Union Officials Ignored Students’ Valid Exercise of Religious Freedom
Rubinstein and Gold argue in their charges that they and other students who received this dubious questionnaire already discharged their legal duties when they informed the union of their objections to paying dues. Title VII of the Civil Rights Act of 1964 provides that objectors must only describe a sincere religious objection to union affiliation, which Rubinstein and Gold both did in letters to the national UE union. Federal law requires union officials to provide a religious accommodation to such objectors. An accommodation often permits the objector to divert an amount of money equal to dues to a 501(c)(3) nonprofit charity instead.
“Both nationwide and on the Cornell campus, the UE, CGSU, and their other campus affiliates have been at the forefront of demonizing Israel, seeking its destruction, and supporting Hamas’s violent and barbaric terrorism against Israel and its inhabitants,” the charges read. “The unions had no objective or bona-fide reasons to doubt the basis for my accommodation request or to question my sincerely held religious beliefs, observances, and practices.”
Because New York lacks Right to Work protections, UE and Cornell GSU union officials are enforcing a contract that requires graduate students to pay union dues or fees just to keep their work. While Title VII creates an exception for those like Gold and Rubinstein who have sincere religious objections to union affiliation, Right to Work states provide even more protection by making union membership and financial support a voluntary choice.

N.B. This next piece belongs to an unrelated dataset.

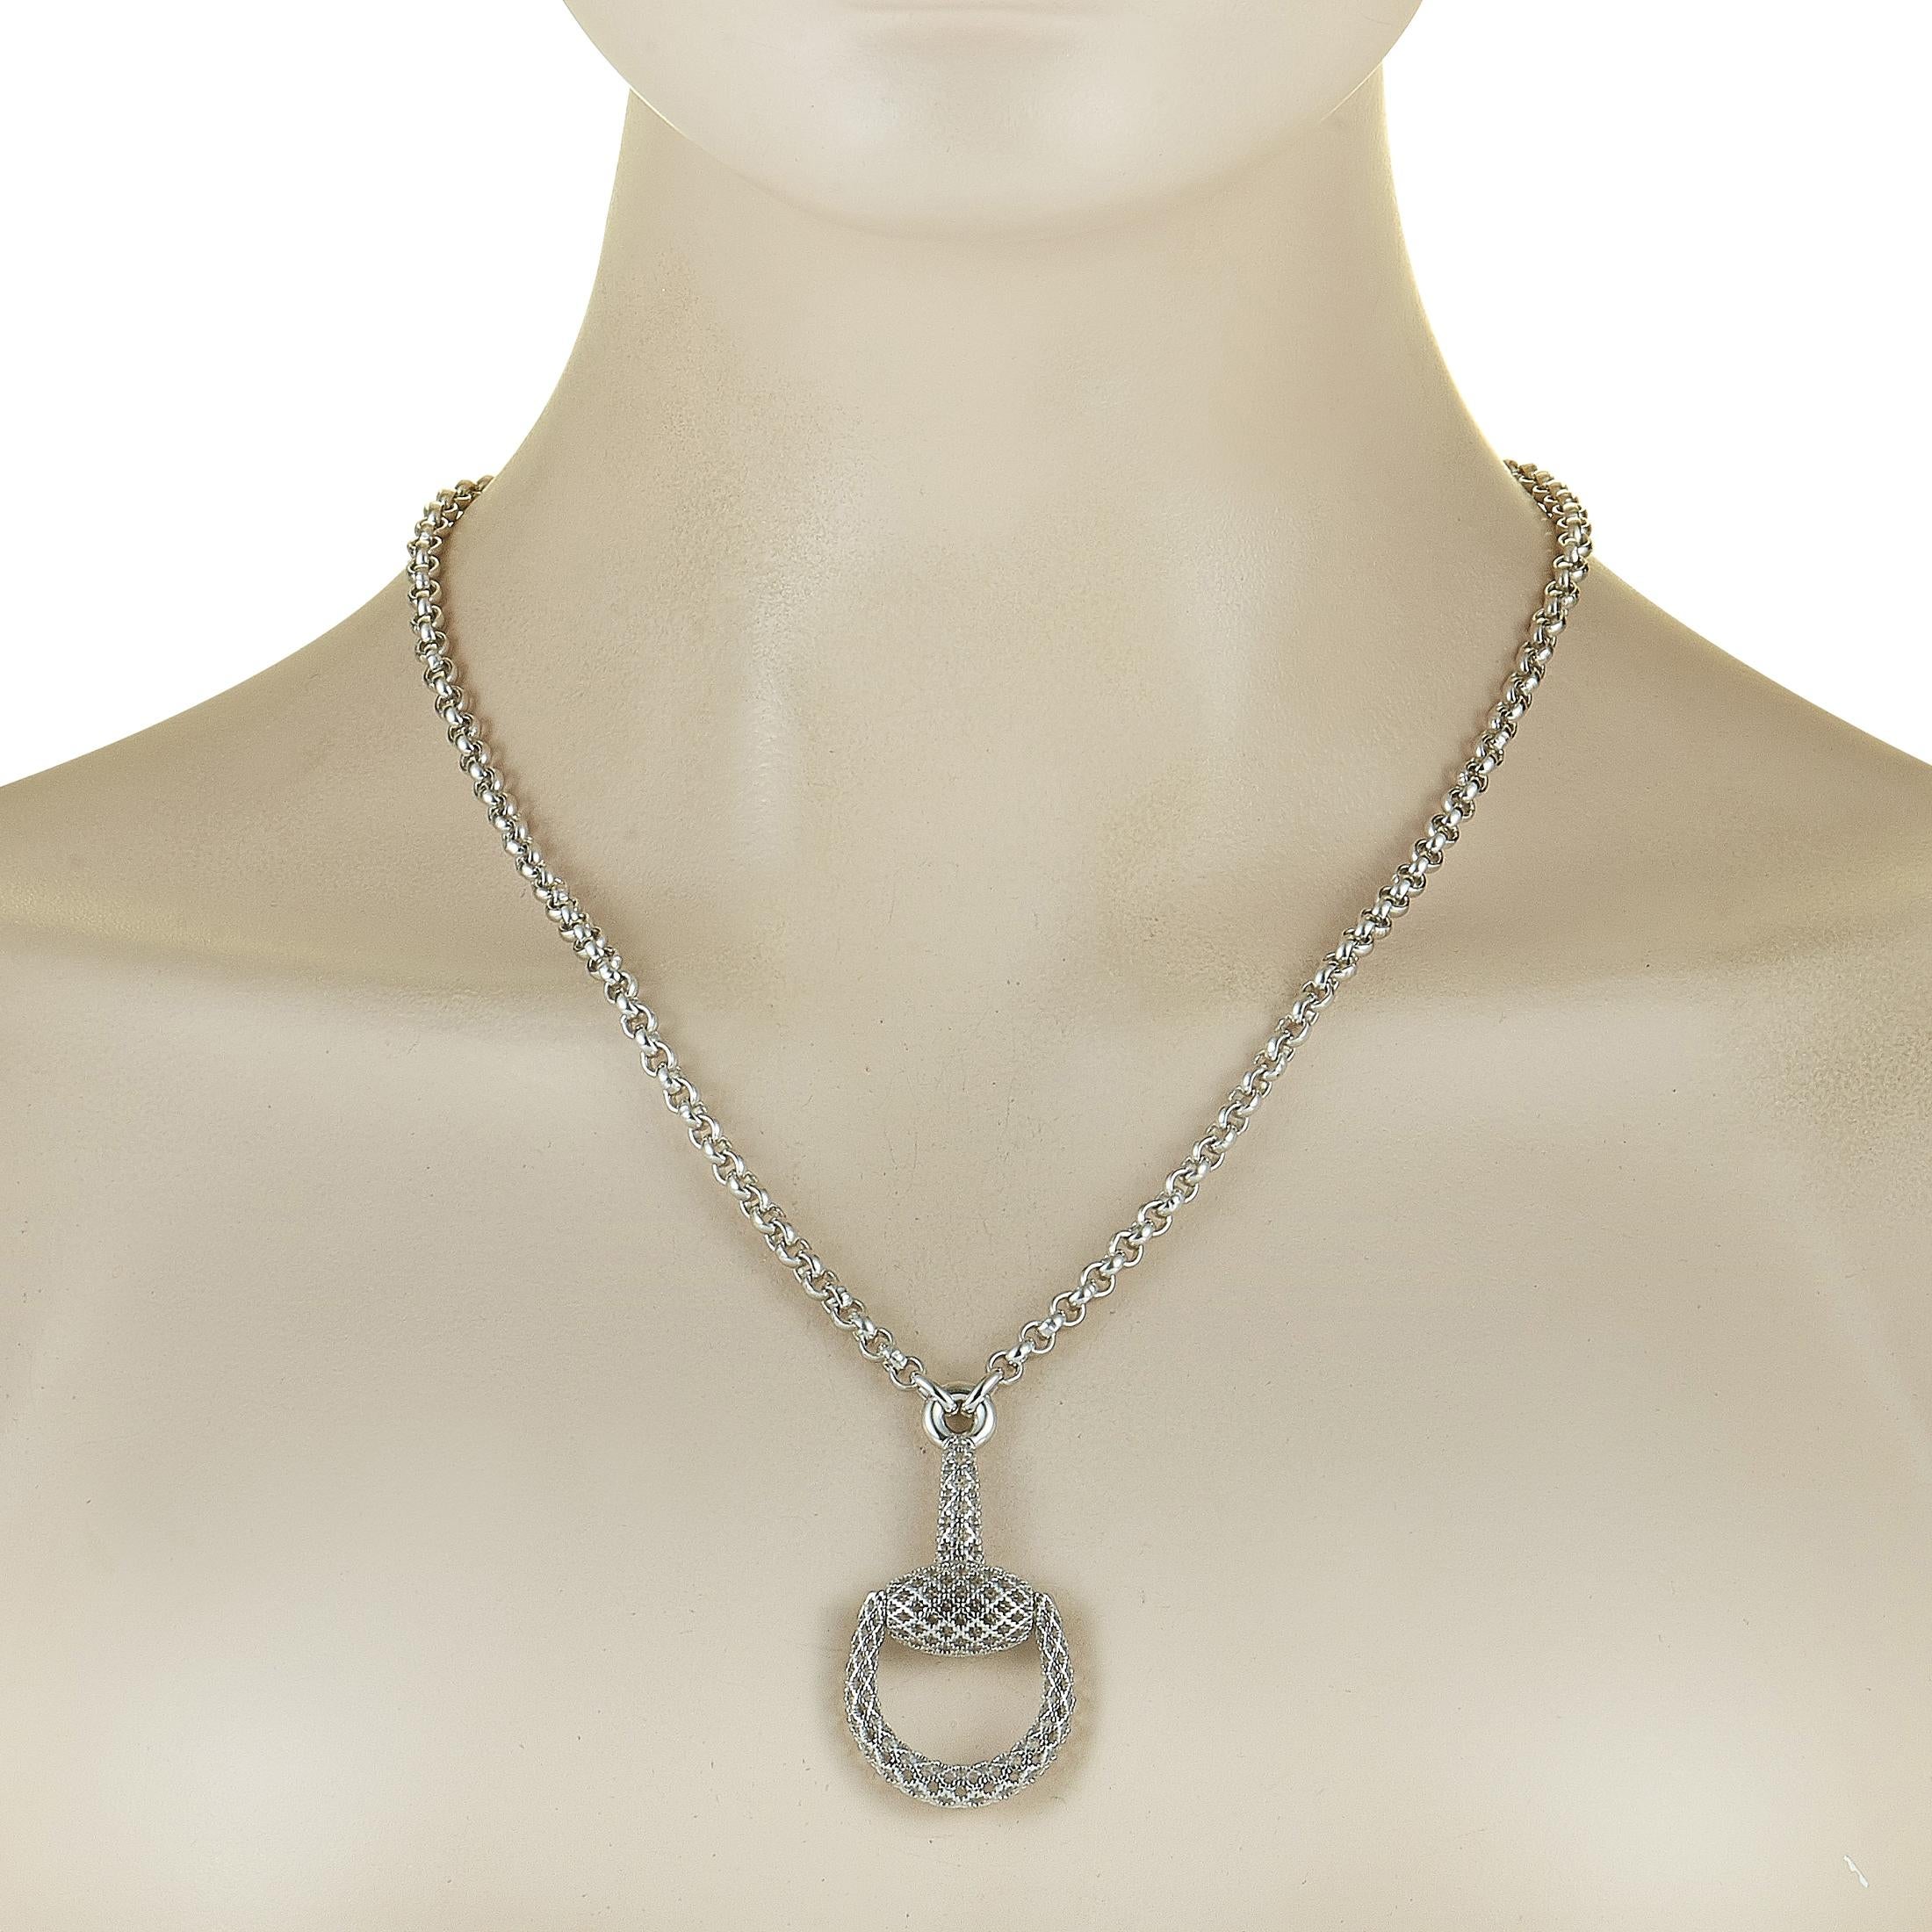 The Gucci “Horsebit” necklace is crafted from silver and weighs 41 grams. The necklace is presented with a 20” chain and a pendant that measures 2.12” in length and 1” in width.
 
 This jewelry piece is offered in brand new condition and includes

Jewish Graduate Students at MIT Forced GSU and UE to Back Off Illegal Dues Practices
Since 2023, National Right to Work Foundation staff attorneys have assisted dozens of Christian and Jewish graduate students across the country in defending their religious freedom from union forced-dues demands – particularly demands from UE union officials. In 2024, five Foundation-backed Jewish graduate students from the Massachusetts Institute of Technology (MIT) scored religious accommodations that allowed them to pay money to pro-Israel charities instead of to the UE union hierarchy. In a related case for another MIT graduate student, Foundation attorneys secured a settlement that required union officials to inform the entire MIT graduate student body (over 3,000) of their rights under the Communications Workers of America v. Beck Supreme Court decision. Beck permits nonmembers to cut off dues payments for union political or ideological activities.
“This situation at Cornell again shows students and the public at large exactly what GSU and UE union officials’ priorities are: radical political mobilization and agitation, not respecting the individual rights of the students they claim to ‘represent,’” commented National Right to Work Foundation President Mark Mix. “Union bosses may not like it, but federal law is clear that they must comply with valid requests for a religious accommodation based on sincerely held objections to union affiliation, and cannot harass and interrogate those who object to the union’s activities on religious grounds.
“While the battle to preserve the right of religious students and workers to opt out of objectionable union support is certainly important, true reform is needed to ensure that no one is forced to associate with union bosses or their agendas, whether their objection to the union is political, religious, financial, or otherwise,” added Mix.